Exercise is safe during and after cancer treatment, and there are specific guidelines for cancer survivors who want to improve their quality of life. In general, walking, bicycling, dancing or any enjoyable activity that keeps the body moving and gets the heart rate up is good.

Because many people have never exercised or don’t enjoy it, the ACSM guidelines for cancer survivors focus on the least amount of movement necessary to see significant reductions in anxiety, depression and fatigue and improvements in physical functioning and quality of life. The guidelines are based on carefully conducted studies and in many ways resemble the recommendations for cancer prevention. They are as follows:

  1. Avoid inactivity. This is emphasized by both the ACSM and the American Cancer Society.
  2. Engage in aerobic exercise at least three days a week for a total of 90 minutes, with the goal of building up to 150 to 300 minutes. This can consist of walking, cycling, swimming, jogging, dancing or any enjoyable activity that increases the heart rate and causes faster breathing.
  3. Perform resistance exercises at least two days a week using body weight, resistance bands, dumbbells or fitness equipment, focusing on large muscle groups. Increase the resistance or weight slowly over time, and perform at least three exercises each for upper and lower body strength.

It’s important for survivors to know that exercise is the best way to treat cancer-related fatigue because as strength and fitness improve, it becomes easier to do activities that are meaningful and important. Exercise also improves sleep and bone health. Fortunately, those who have breast cancer-related lymphedema can do both aerobic and resistance exercise without making the condition worse.

Beginning an exercise program when you don’t feel well is difficult. The first hurdle is learning to pace yourself. Exercising beyond your ability (for too long a time period or at too high an intensity) makes movement unpleasant. When it comes to aerobic exercise, start slowly and gradually build up time and intensity.

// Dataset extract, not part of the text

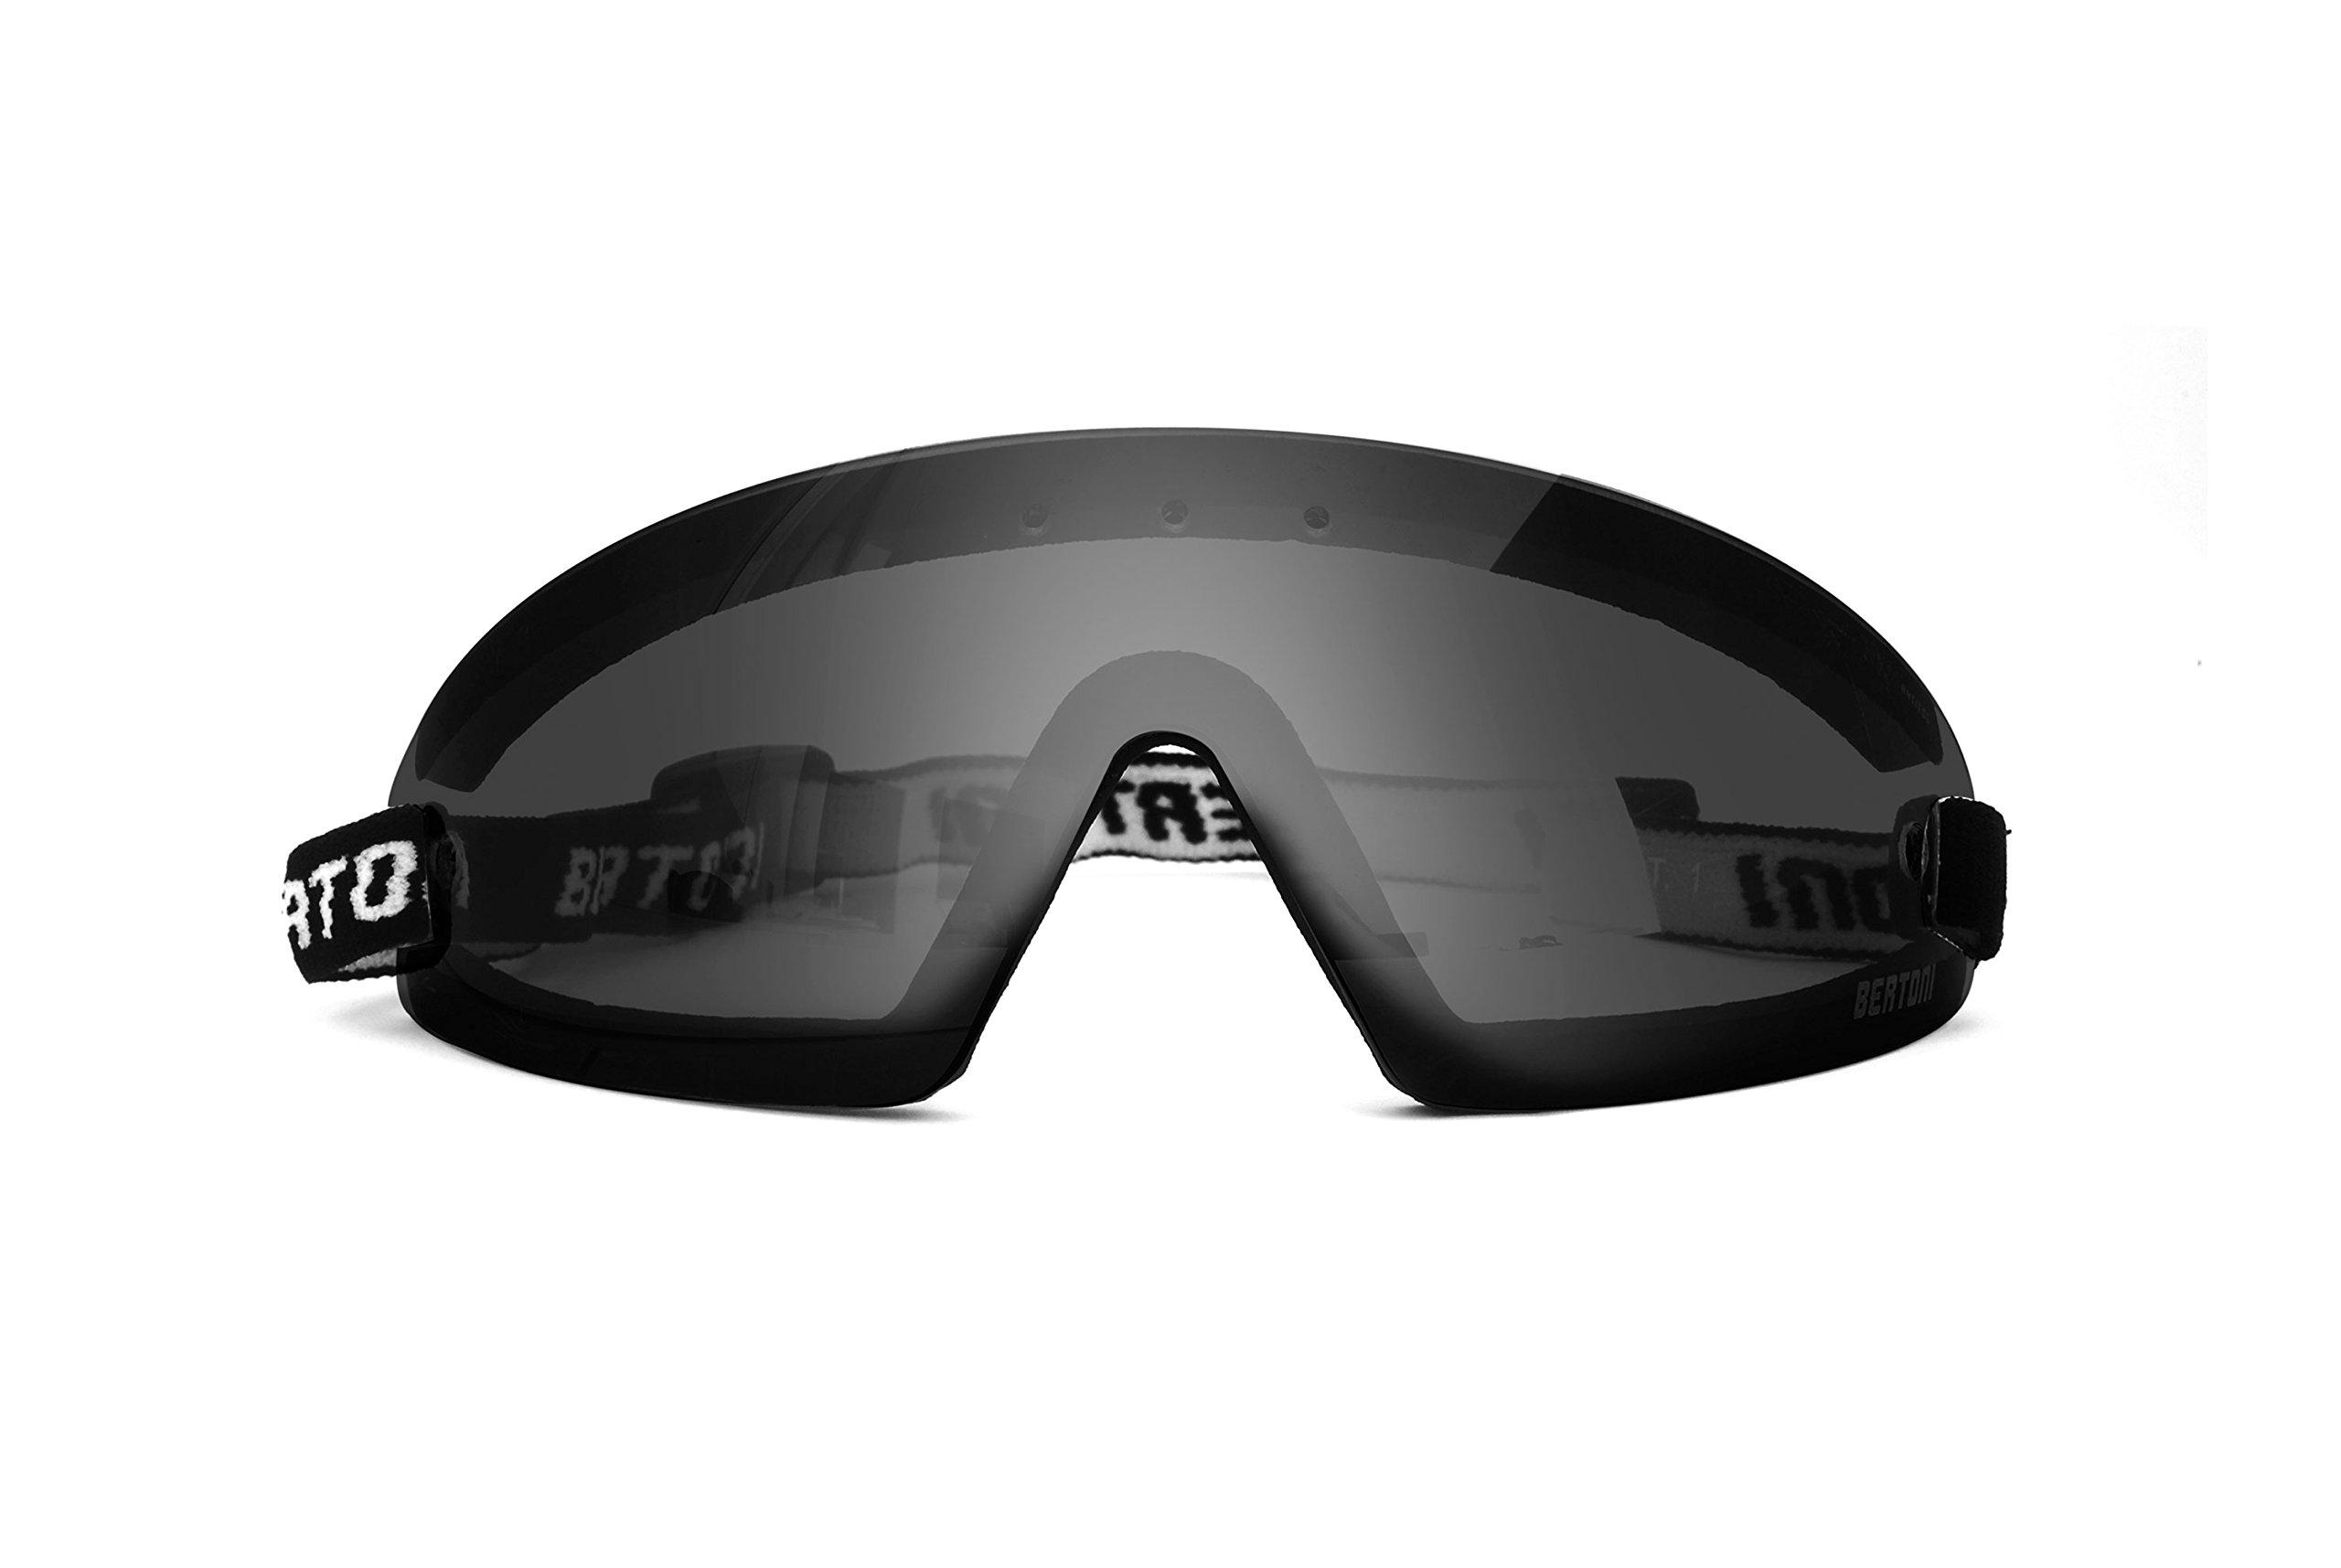 Masque lunettes moto Bertoni AF79 2

The same is true for strengthening exercises. Start with light weights and gradually increase the load. Pushing too hard and feeling sore and exhausted are the most common reasons people stop a new exercise program. Be kind to your body. With some time and effort, you will feel the difference as your fatigue improves and you get stronger.

Launched by ACSM, Moving Through Cancer (tinyurl.com/y3b9qrru) is an initiative with the goal
of educating health care professionals and ensuring that all cancer survivors are engaged in an appropriate exercise or rehabilitation program. This includes a registry of cancer exercise programs worldwide, including both live and web-based programs such as Livestrong at the YMCA, Macmillan Move More and phone apps such as Cancer Exercise (annaschwartzphd. com/cancer-exercise-app/).

Also consider including a family member in exercise activities. Research shows physical and emotional health benefits for both cancer survivors and their exercise partners.

The biggest takeaway — for all survivors and their families — is simply this: Move more and sit less.

Anna L. Schwartz, Ph.D., FNP-BC, FAAN, is a professor and associate director of research at Northern Arizona University School of Nursing and an oncology nurse practitioner. A pioneer in exercise oncology research, she was co-author of the American College of Sports Medicine cancer exercise guidelines and is a member of the organization’s Moving Through Cancer task force charged with implementing the exercise recommendations into clinical practice. She is also a member of CURE®’s advisory board.